A delicious mix of flavors, a beautiful sight, and a divine peanut sauce!
Ingredients
- Ingredients for the chicken satay:
- 2 pounds chicken breast, sliced lengthwise
- 1 can coconut milk
- 4 tablespoons soy sauce
- 1 tablespoon curry powder
- 1 tablespoon turmeric
- 1 tablespoon ketchup
- 3 cloves garlic, mashed
- 1 tablespoon grated ginger
- 1 lime juice
- Salt and pepper
- Ingredients for the peanut sauce (you can never make enough of this):
- 1/2 jar creamy peanut butter
- 4 tablespoons soy sauce
- 1 lime juice
- 1 teaspoon brown sugar
- 1 teaspoon chili garlic sauce
- 1 teaspoon grated ginger
- Ingredients for the salad:
- 2 avocados, sliced
- 1/2 head red cabbage, thinly sliced
- 1/2 head green cabbage, thinly sliced
- 4 carrots, shredded
- 1/2 red onion, thinly sliced
- 4 scallions, sliced
- 1/2 cup toasted peanuts, roughly chopped
- 1/2 cup fresh coriander, roughly chopped
- Dressing: 4 tablespoons soy sauce, 1 tablespoon sesame oil, 1 tablespoon olive oil, 1 tablespoon rice vinegar, 1 lime juice, salt and pepper
Instructions
Place all the ingredients of the chicken satay in a bowl, cover and marinate in the refrigerator for 2 hours minimum. Overnight is ideal.

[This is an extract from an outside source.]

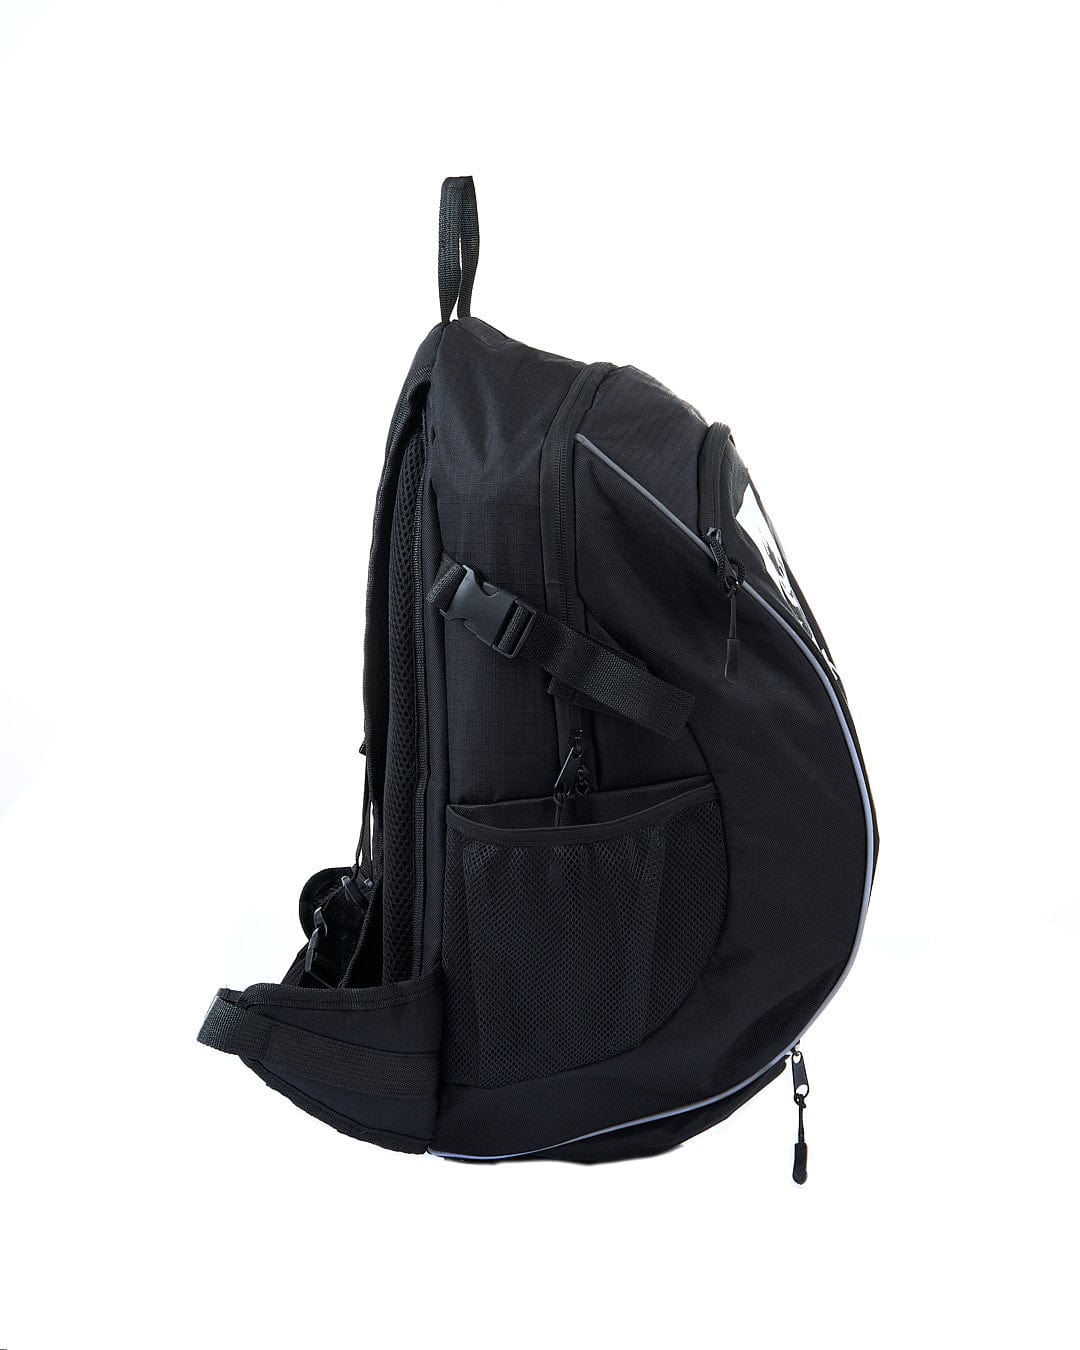 A Saltrock Cyclone - Urban Backpack - Black on a white background.

Place all the ingredients of the peanut sauce in a bowl. Adjust seasoning to taste. Set aside.
Mix all the ingredients of the dressing in a bowl, and add the cabbages, carrots and onions. Toss and set aside.
Preheat grill to medium high. Take the chicken slices from the marinade and thread onto skewers. Discard the marinade. Place the skewers on the grill and turn occasionally until cooked through. About 15 minutes. The internal temperature should reach 165 F.

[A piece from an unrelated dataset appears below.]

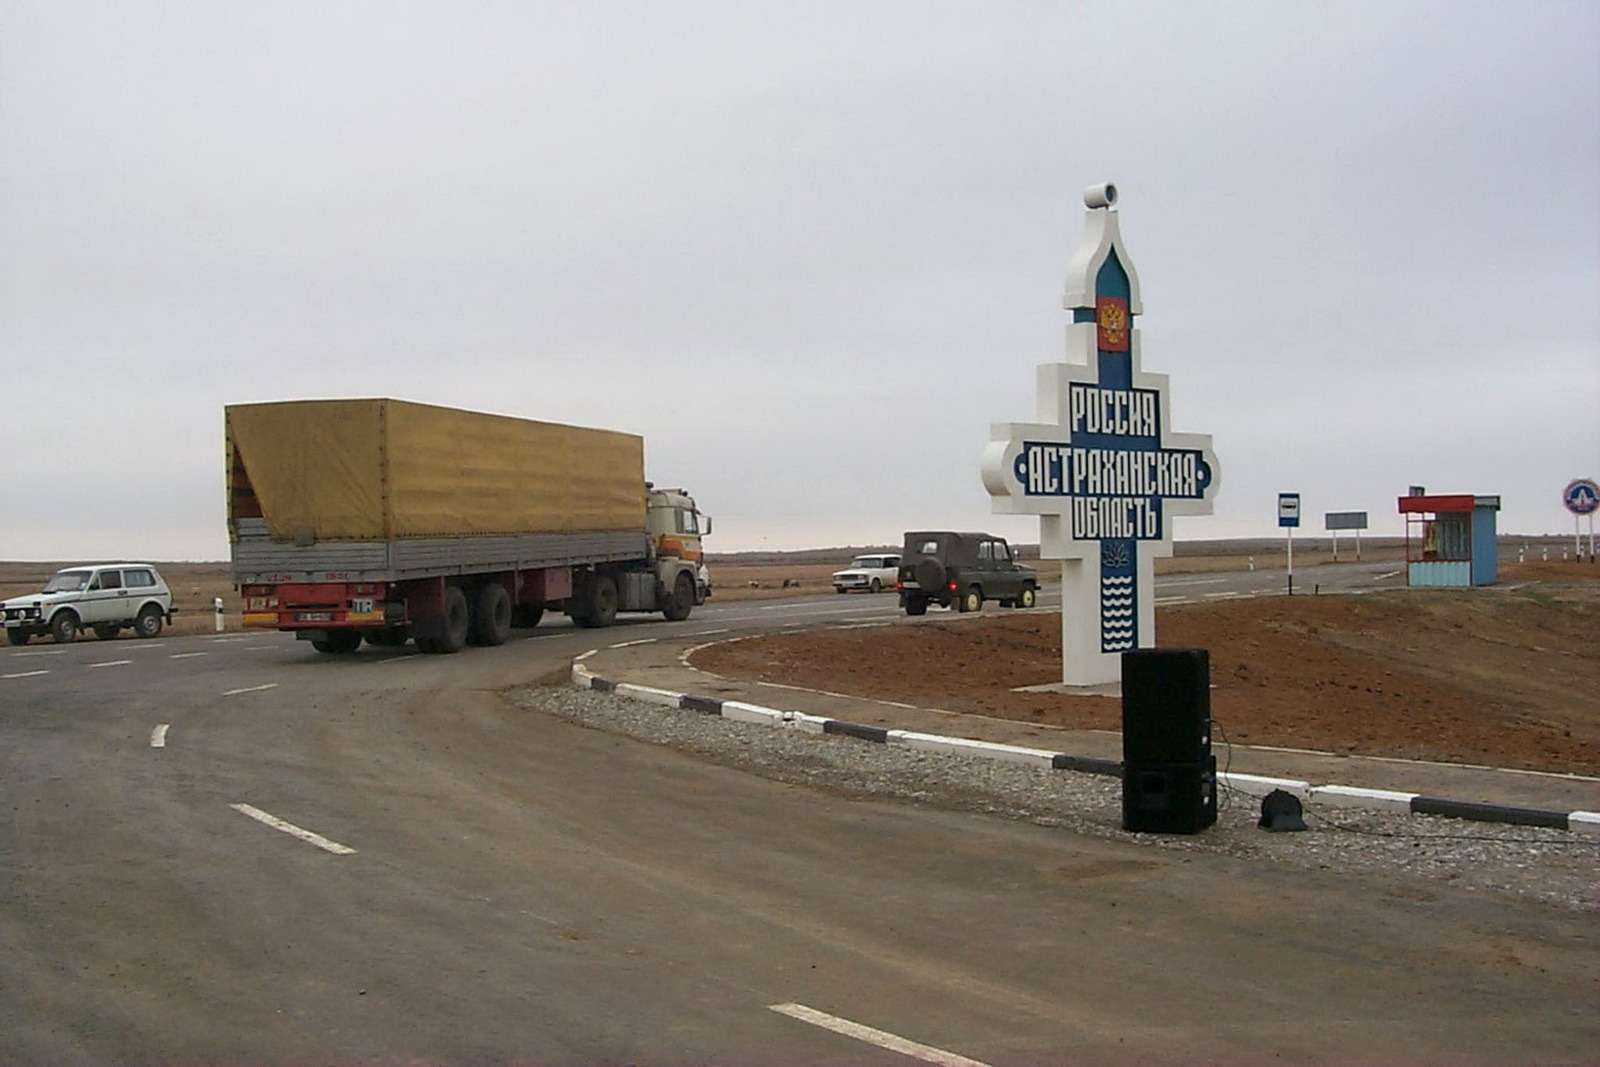 фотография границы казахстана

Bowl assembly: Divide the cabbage salad evenly between the bowls, arrange the avocado slices on one side, sprinkle the peanuts, arrange the chicken skewers on the other side, sprinkle the coriander all over. Serve with the peanut sauce on the side. Success guaranteed! Your guests are going to fight for the sauce.